I can only justify why it is non-abelian, and that is by using a theorem that states that a semidrect product is abelian iff each of its constituents is abelian and $\beta$ is trivial. Since $\beta$ here is not trivial, then this is not abelian.
I cannot seem to justify the rest -- why is it of order $p^3$? And how can I show there's an element of order $p^2$? (perhaps for the latter it would be sufficient to show that $\mathbb{Z}_{p^2}$ is cyclic with generator $a$ and then take $(a,1)$? But I'm unable to prove that it's cyclic (and I actually think it cannot be because then it would 'collapse' to $\mathbb{Z}_p$) - EDIT: I can see this would be obtained using Cauchy from knowing it's $p^3$. So now I'm still left with that $p^3$).
What am I missing?
Remark that $G$ is the semidirect product of two subgroups $H, K$ iff the following holds :$H$ is normal, $$G=HK$$, $$H\cap K=\{e\} $$ In particular, the map $$H\times K \to G$$ $$f(h, k) =hk$$ is a bijection.
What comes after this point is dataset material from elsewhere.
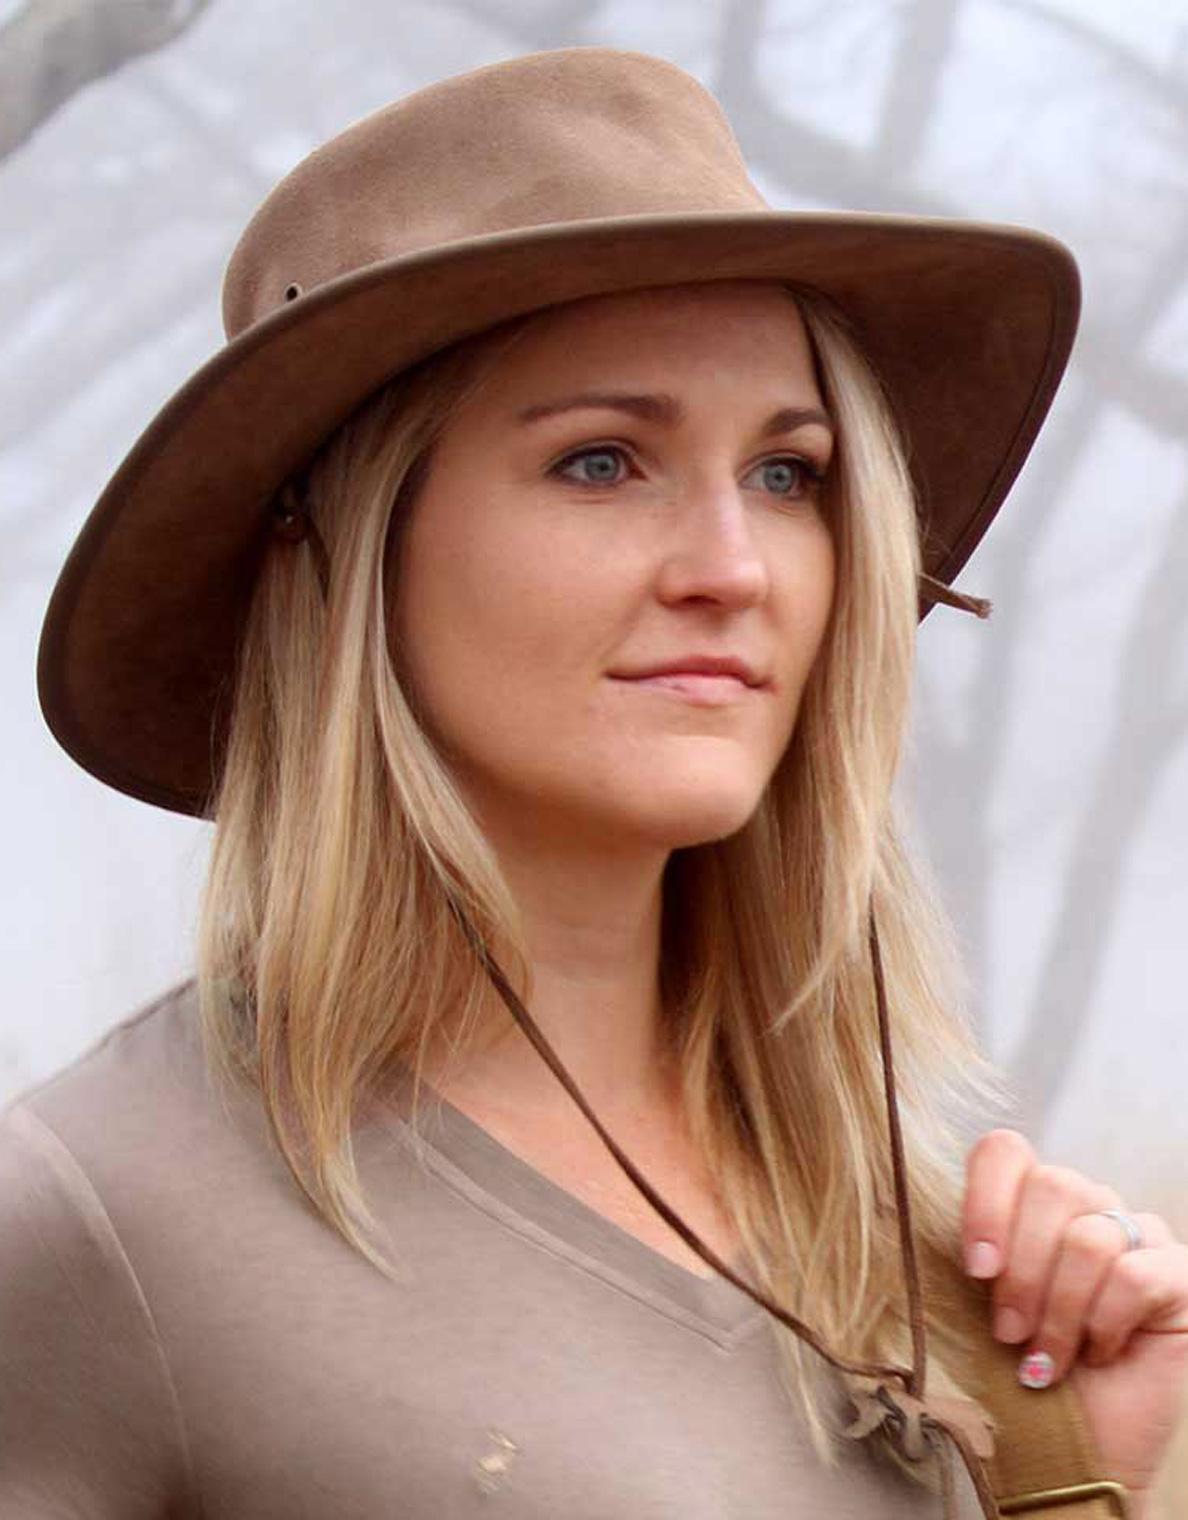 Women's leather safari hat in Khaki. Get safari hat sun protection for travel, outdoor, & safari

So, $$\lvert G\rvert =\lvert H\rvert \times \lvert K\rvert =p^{3}$$ Moreover Cauchy give the existence of elements having prime order for every prime dividing the order of the group, so it doesn't give elements of order $p^{2}$,in fact your first choice can be modified, to consider the element $(a, 0)$ which has order $p^{2}$.